Essentially, in lov_lock_sub_init, it removes a for loop which has this comment on it:
/*
- Then, create sub-locks. Once at least one sub-lock was created,
- top-lock can be reached by other threads.
*/
Here's Alexey's explanation of the deadlock with a slight edit by me:
—
1) client1 has a full set of locks for a file
{ stripe1, stripe2, stripe3}
, client2 has no locks.
2) client1 finished an io and put locks to inactive states,
so client2 is able to take 2 of 3 locks from client1 and reference them.
3) client1 enters new IO loop (different process)
and start to take a lock quorum - in top lock allocation time
it finds a stripe3 lock in cache and holds it.

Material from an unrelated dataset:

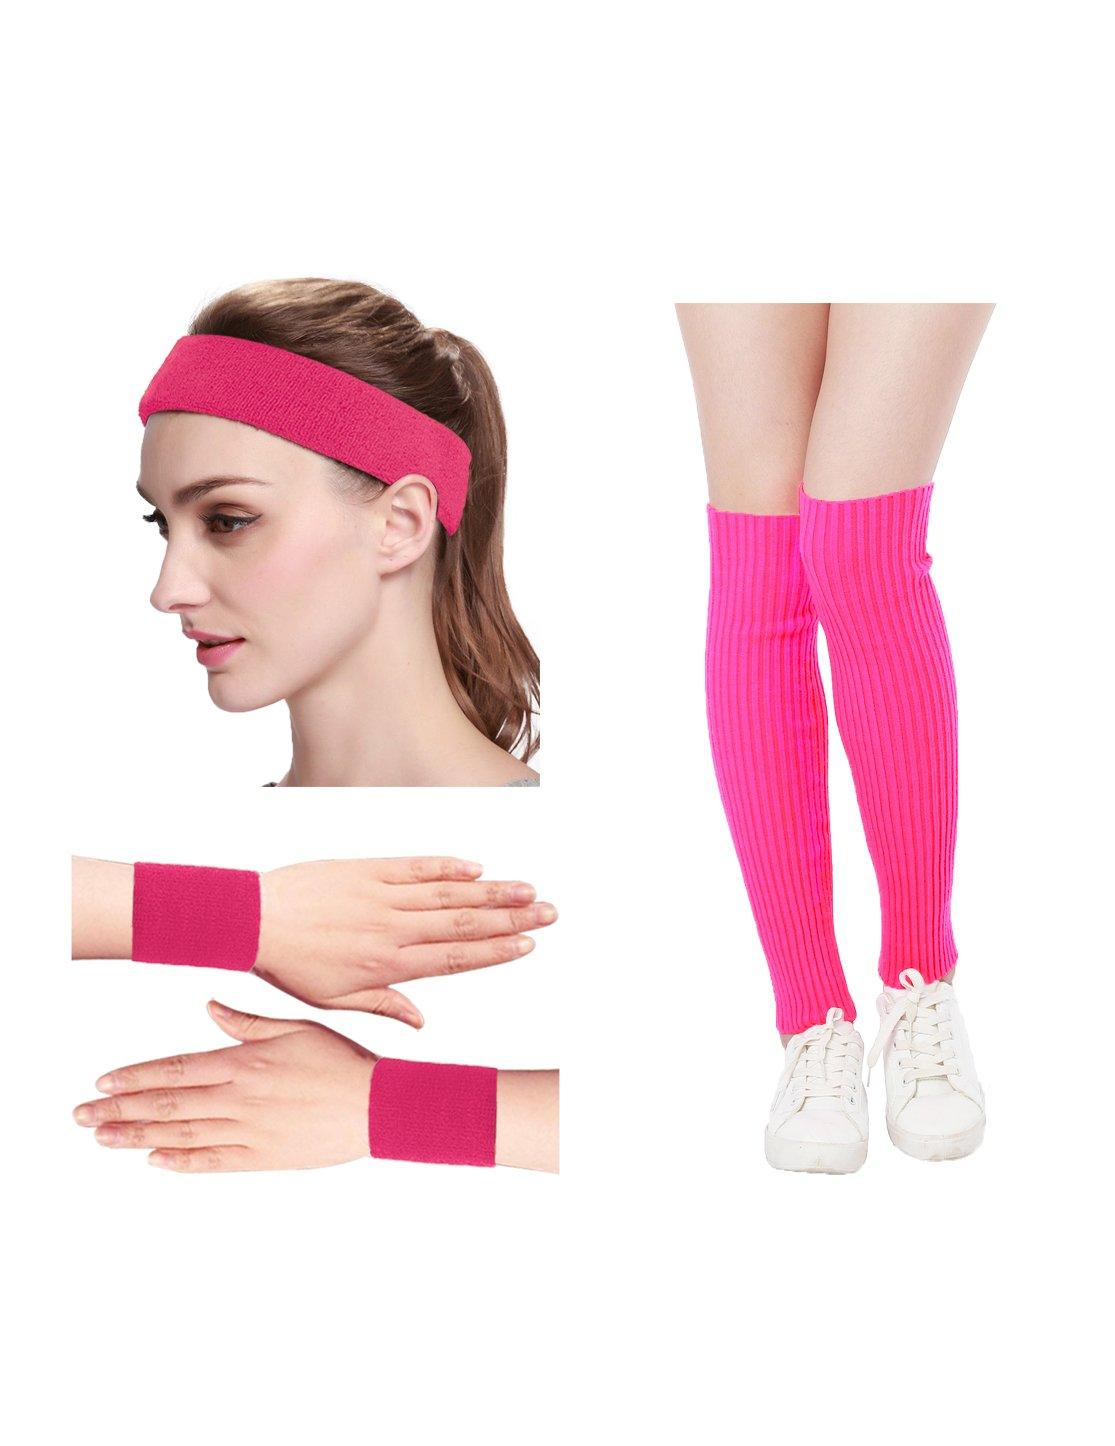 KIMBERLY S KNIT Women 80s Neon Pink Running Headband Wristbands Leg Warmers Set (Free, HotPink)

4) client2 tries to take a stripe3 lock but
it's protected by hold flag now and BL AST ignored
(just mark a lock a callback pending).
client2 enters the waiting for grant loop.
5) client1 enter to lock enqueue loop to take a stripe1 lock,
but client2 can't return that lock because it referenced.
... so deadlock.
—
This patch removes sub lock creation from lov_lock_sub_init.
If sub locks are not created in lov_lock_sub_init,
they are created in the enqueue process. This avoids the
deadlock described above by avoiding step 3.
—
We've run our general Lustre IO performance test suite (multiple clients, various IO patterns, various stripe counts) and weren't able to measure any difference between with the patch and without the patch.
We're currently running it through sanity and some other stress testing.
Going forward, we're wondering if this is expected to be the final version of the patch. Essentially, this fixes the problem with this performance optimization by removing the optimization. As far as I can tell, the optimization seems to be basically allowing better re-use of cl_locks, and as I understand it, caching & re-use of cl_locks is slated for removal in the upcoming CLIO simplification anyway.
So it seems like it may be OK to leave this optimization out.
Is this the plan, or is the hope for a patch that actually fixes the performance optimization rather than removes it?
This is a duplicate of:
https://jira.hpdd.intel.com/browse/LU-4381